The judiciary in the US is also democratised starting from the selection of the judges, which involves voting, to the dispensation of justice, which involves the jury – a set of ordinary individuals selected randomly to hear a case and reach a conclusion on the matter. The determination of complex cases by a jury means that you don’t have to be a law expert or a highly sophisticated person to know what is right or wrong.
According to Lord Hewart CJ in the case of R v Sussex Justices, ex parte McCarthy (1924), he made the all-time famous quote “Not only must Justice be done, it must also be seen to be done”. The implication of this statement is that you don’t need to x-ray a judgment to be convinced that it is a fair judgment or a just decision. A fair and sound judgment should be identified as such by all and sundry, as what is right is right and what is wrong is wrong.

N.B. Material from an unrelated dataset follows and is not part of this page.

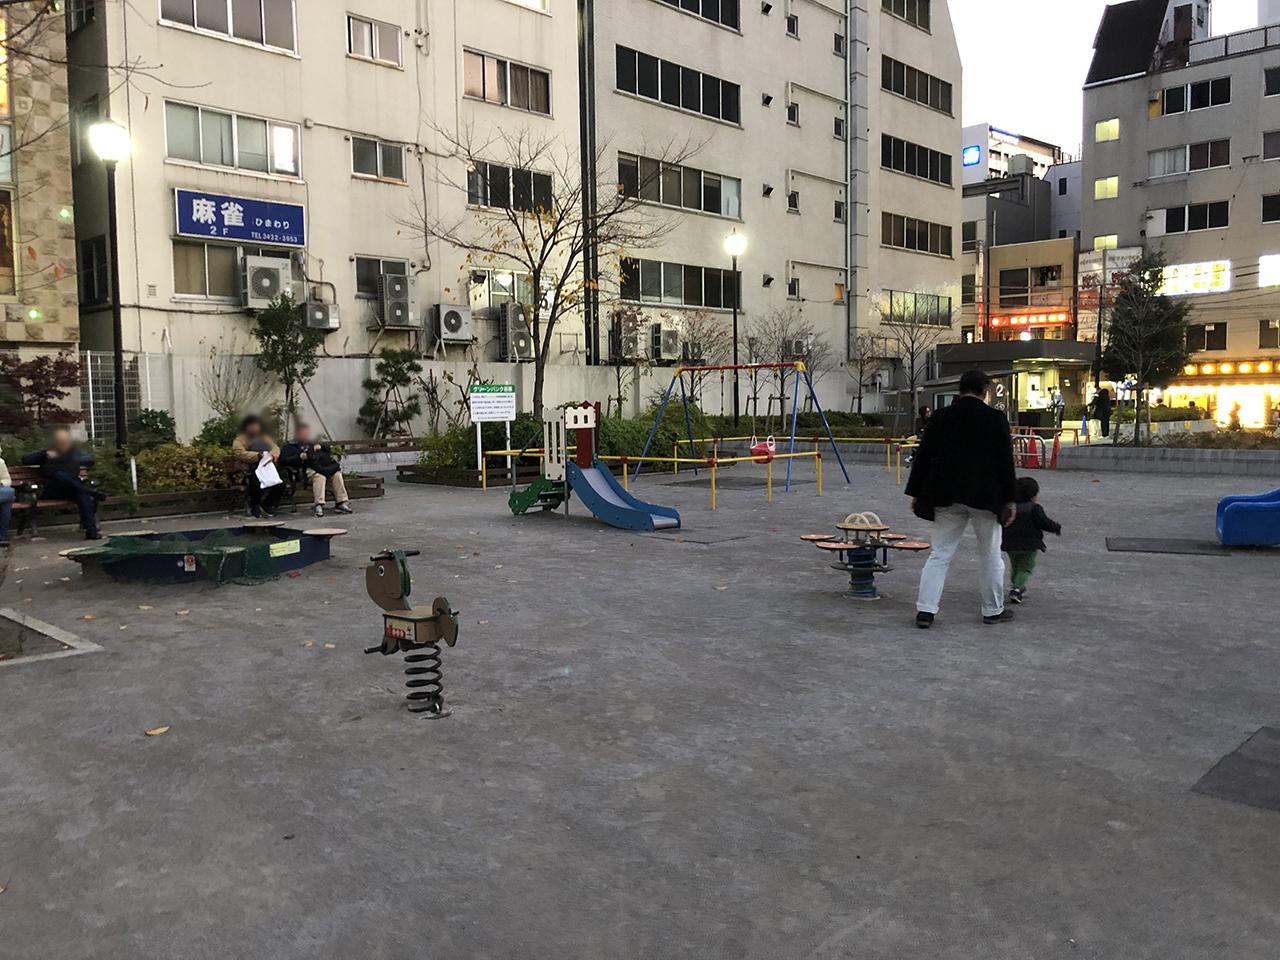 公園の広場の写真

The above brings us to one of the most controversial decisions of the Supreme Court of Nigeria in its judgment of January 14, 2020 in the case of Senator Hope Uzodimma v Rt. Hon Emeka Ihedioha, former governor of Imo State. In that judgment, the larger population of the society both in Nigeria and abroad are in agreement that the Judgment was not a fair one. The declaration of Senator Hope Uzodimma who came 4th in the election results declared by INEC as the winner of the election was most bizarre and ran contrary to any known logic, legal or otherwise. The decision led to several protests of a magnitude never seen before all over the country and by Nigerians in diaspora in many foreign countries including the United States, Britain, South Africa, France to mention but a few.
Some of the unbelievable outcomes of that judgment include:
- The Supreme Court and not INEC allocated votes to a candidate in an election
- The total votes allocated to the candidates are more than INEC accredited voters
- 366 polling unit results were presented by the prosecution witness and Supreme Court awarded another fictitious 22 polling units to make it 388 to Senator Hope Uzodimma
- The result of the 388 polling units were for only two political parties, APC and PDP contrary to all the other over 2100 polling units that had several party results
- Some of the polling unit results of Uzodimma are more than the registered voters in the polling unit.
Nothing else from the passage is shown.